_GOAL OF THE EXERCISE_
With pictures left out, output exactly the lines of the listing below from the line that has "Social Media Marketing" to the line that has "持ってる彼自身発揮する義歯口腔ケア歯ホワイトニング義歯口腔ケアアッパーブレース一時的な化粧品歯義歯 - 6本", both lines kept.

_ENTRIES PROVIDED_
- Opening Delimiter -

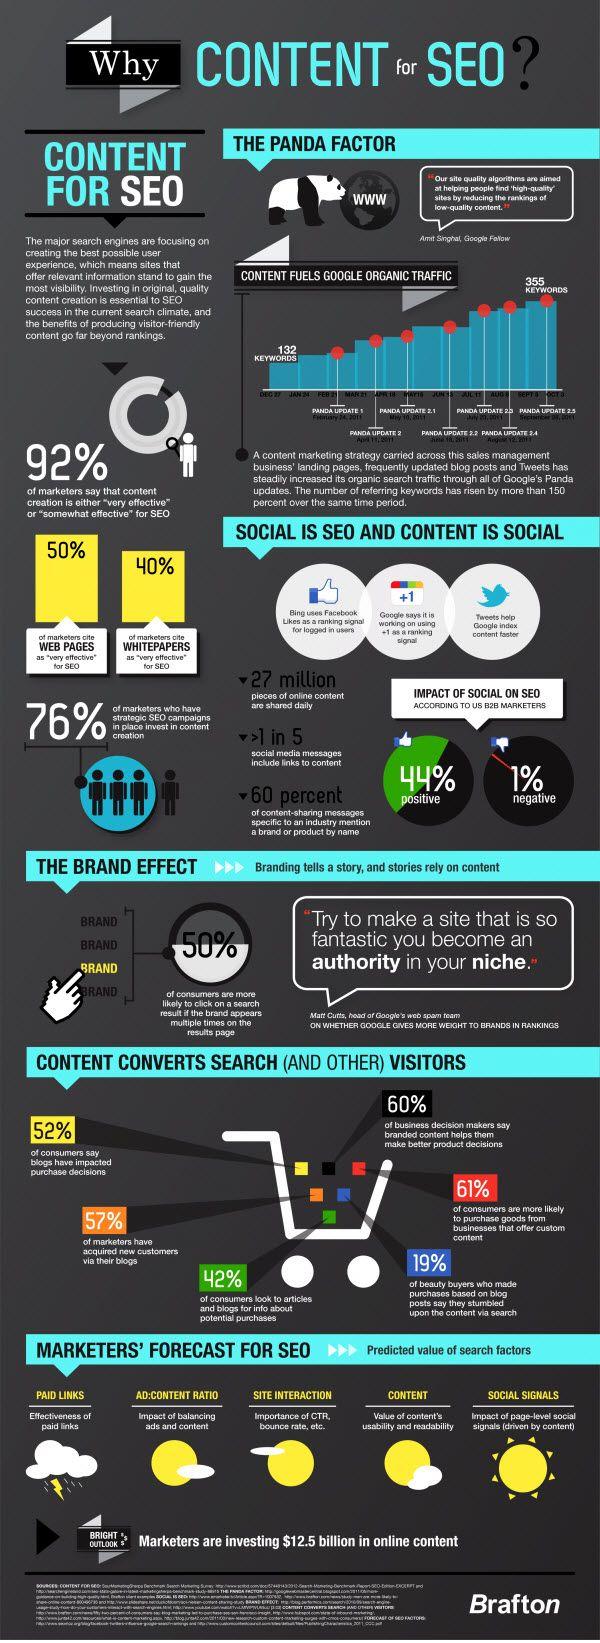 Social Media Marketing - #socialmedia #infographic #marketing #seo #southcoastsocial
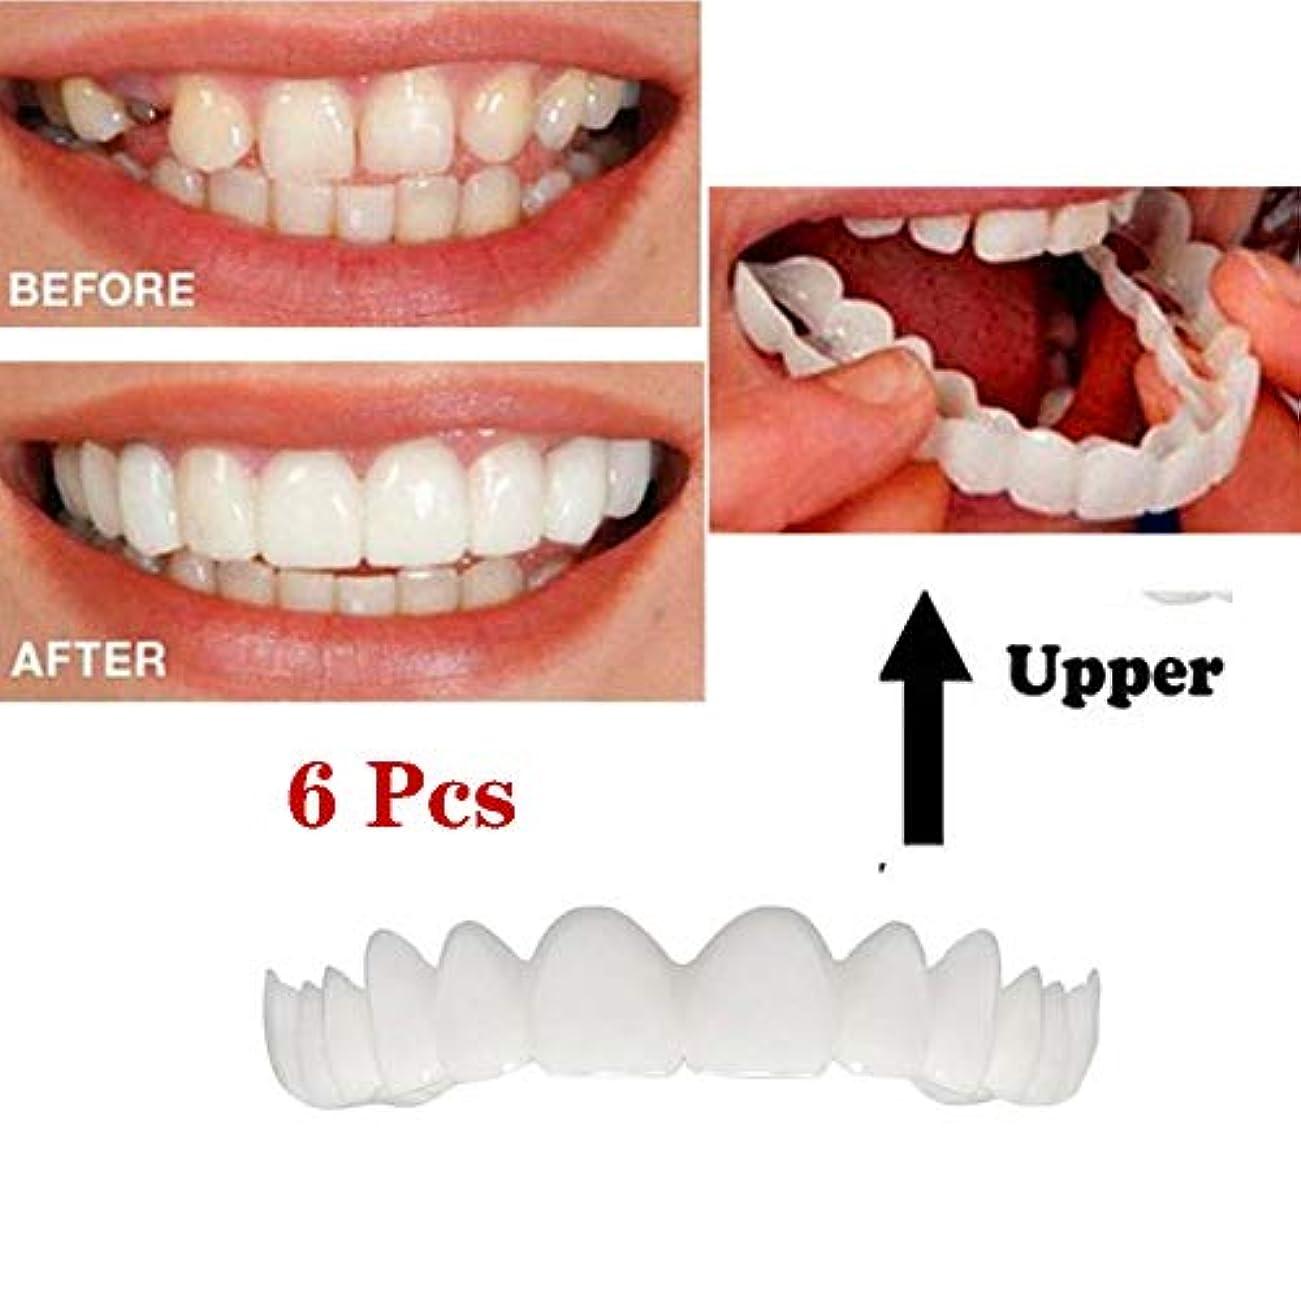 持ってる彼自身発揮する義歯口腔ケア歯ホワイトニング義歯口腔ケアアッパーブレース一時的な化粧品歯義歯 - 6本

- Closing Delimiter -
- Opening Delimiter -

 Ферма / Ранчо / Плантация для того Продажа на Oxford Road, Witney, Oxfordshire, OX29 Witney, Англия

- Closing Delimiter -

_TASK RESPONSE_
 Social Media Marketing - #socialmedia #infographic #marketing #seo #southcoastsocial
 持ってる彼自身発揮する義歯口腔ケア歯ホワイトニング義歯口腔ケアアッパーブレース一時的な化粧品歯義歯 - 6本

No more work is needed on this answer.